Palo Alto Networks, CrowdStrike, and Cisco are collectively pouring tens of billions of dollars into solving AI identity credential sharing. This is not a technology breakthrough — it is a belated admission that the centralized security model they have built for the human workforce cannot scale to machines. The irony is that blockchain has already solved this problem with cryptographic primitives and smart contracts. Yet the legacy players are racing to build siloed vaults while ignoring the permissionless, auditable infrastructure that already exists on-chain.
The problem is straightforward: AI agents, microservices, and data pipelines rely on API keys, tokens, and access credentials. Traditional manual sharing — hardcoded secrets, plaintext storage — is a security catastrophe. The three giants are investing to retrofit their existing identity and access management (IAM) stacks — Prisma Cloud, Falcon, Duo — with dynamic credential rotation, zero-trust architectures, and centralized key vaults.

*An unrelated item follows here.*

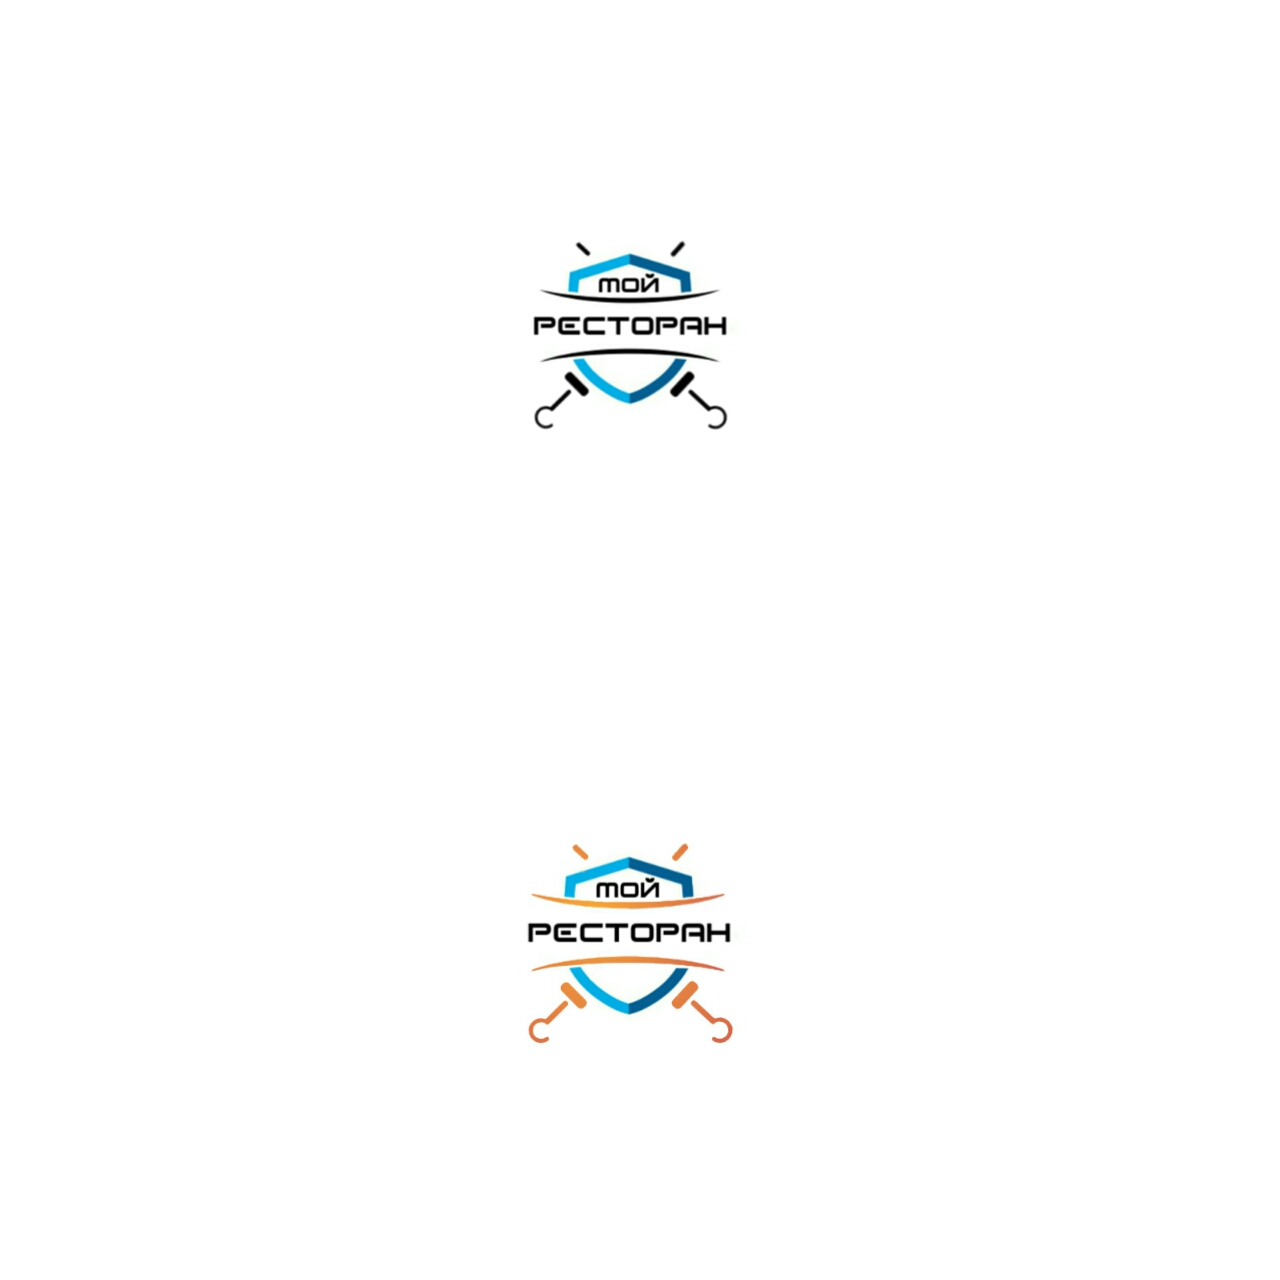 Разработать логотип и фавикон для IT- компании фото f_1995d52fa3790c6c.jpg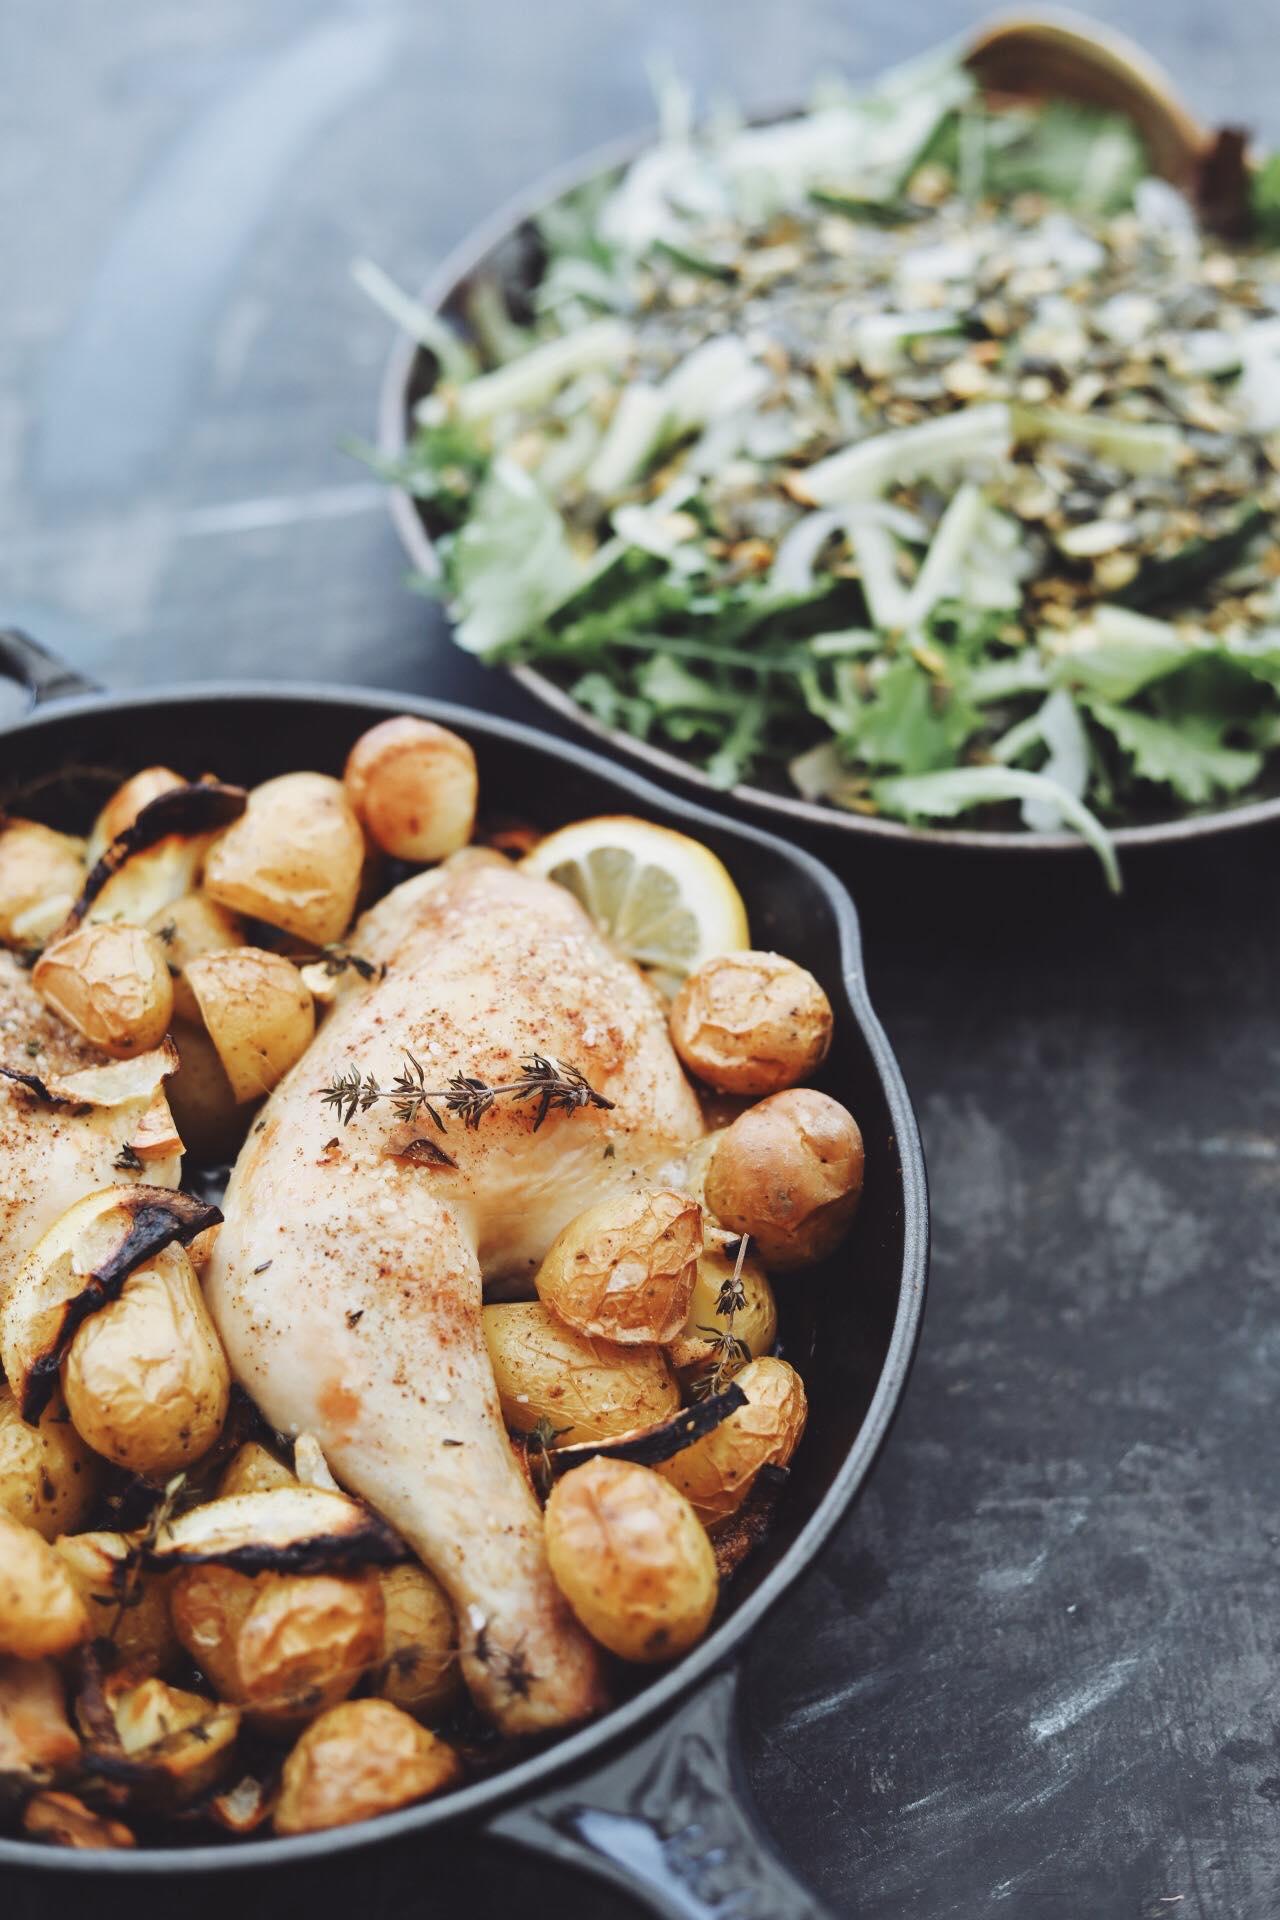 Ovnstegt kylling med kartofler og urter

They are betting that enterprises will pay a premium for AI workload security integrated into their existing security suites.
But from my perspective as an on-chain detective who has spent the last decade reverse-engineering consensus mechanisms and tracing exploit flows, this approach has a fundamental flaw: it recreates the single point of failure that blockchain was designed to eliminate. Centralized key management platforms become the new honey pot. One breach — a compromised admin dashboard, a supply chain attack, an insider threat — and every AI agent’s credentials are exposed. We saw this with the 2022 Slack token breach and the 2023 CircleCI incident. The same pattern repeats.
The blockchain alternative is not theoretical. Decentralized identity (DID) standards like those from the W3C, combined with on-chain smart contracts, allow for permissionless, verifiable credential issuance and revocation. An AI agent can hold a self-sovereign identity anchored to a public blockchain, with its permissions enforced by transparent smart contract logic. Every access request is logged on an immutable ledger. No central vault. No vendor lock-in. No single point of compromise.
Consider the technical details. In a traditional vault model, a root of trust (e.g., HashiCorp Vault or AWS Secrets Manager) stores all secrets. If an attacker gains administrative access to that vault, they can mint credentials for any agent. In an on-chain model, credentials are controlled by multisig wallets or time-locked contracts. For example, an AI training pipeline could require a signed transaction from both the DevOps multisig and a separate security oracle on a periodic basis. Any deviation triggers automatic credential revocation. This is not just more secure — it is auditable and transparent, which is critical for compliance with regulations like the EU AI Act.
From my experience auditing Curve Finance’s stableswap invariant in 2020, I learned that complexity in financial engineering often masks fraud. The same applies here: the complexity of legacy IAM systems — with their role hierarchies, policy engines, and audit trails — creates attack surface. Blockchain-based identity reduces that complexity to cryptographic primitives: a private key, a smart contract, and a Merkle proof. Simpler is safer.
Yet the contrarian angle is that the centralized giants are not wrong about the market timing. The billions they are pouring in will accelerate enterprise adoption of AI identity management. They will sell to Fortune 500 companies that are risk-averse and need immediate compliance with frameworks like NIST’s AI RMF. The first wave of deployments will be centralized, and that will be fine for most use cases today. However, the long-term winner will be the protocol that enables cross-organization, cross-cloud, and cross-chain AI identity verification. That protocol must be trustless.

Where the bulls are right: The scale of investment confirms that AI identity is a multi-hundred-billion-dollar addressable market. The three giants have the distribution, the sales force, and the balance sheet to capture it. They will drive standards and set expectations. But they are building for the world of 2025, not 2030.
Where they are wrong: They assume that centralization can scale to billions of autonomous agents. History shows that every centralized credential system eventually gets exploited. The 2020 SolarWinds attack was a credential compromise. The 2024 X (Twitter) API key leak was a credential compromise. The pattern is clear. The only way to scale identity for machines is to remove the human from the loop entirely — and the only way to do that without introducing a new central point of failure is to use a blockchain as the source of truth.

The ledger does not forgive. If an AI agent’s identity is compromised on a centralized platform, the forensic trail depends on the platform’s logs, which can be tampered. On a blockchain, every credential change is a transaction. The proof is permanent, public, and independently verifiable. This is not a theoretical advantage — it is the difference between an audit that takes weeks and one that takes minutes.
From my work tracing the LUNA collapse in 2022, I learned that when you follow the coins, you find the truth. The same applies to identities. The giants are pouring billions into a model that will eventually fracture under its own weight. The real opportunity is in on-chain credential verification for AI workloads. The protocols that survive the bear market will be the ones that offer trustless, auditable, and decentralized identity management. Code is law. Logic is lethal. The market will eventually learn this lesson, but not before another central vault gets emptied.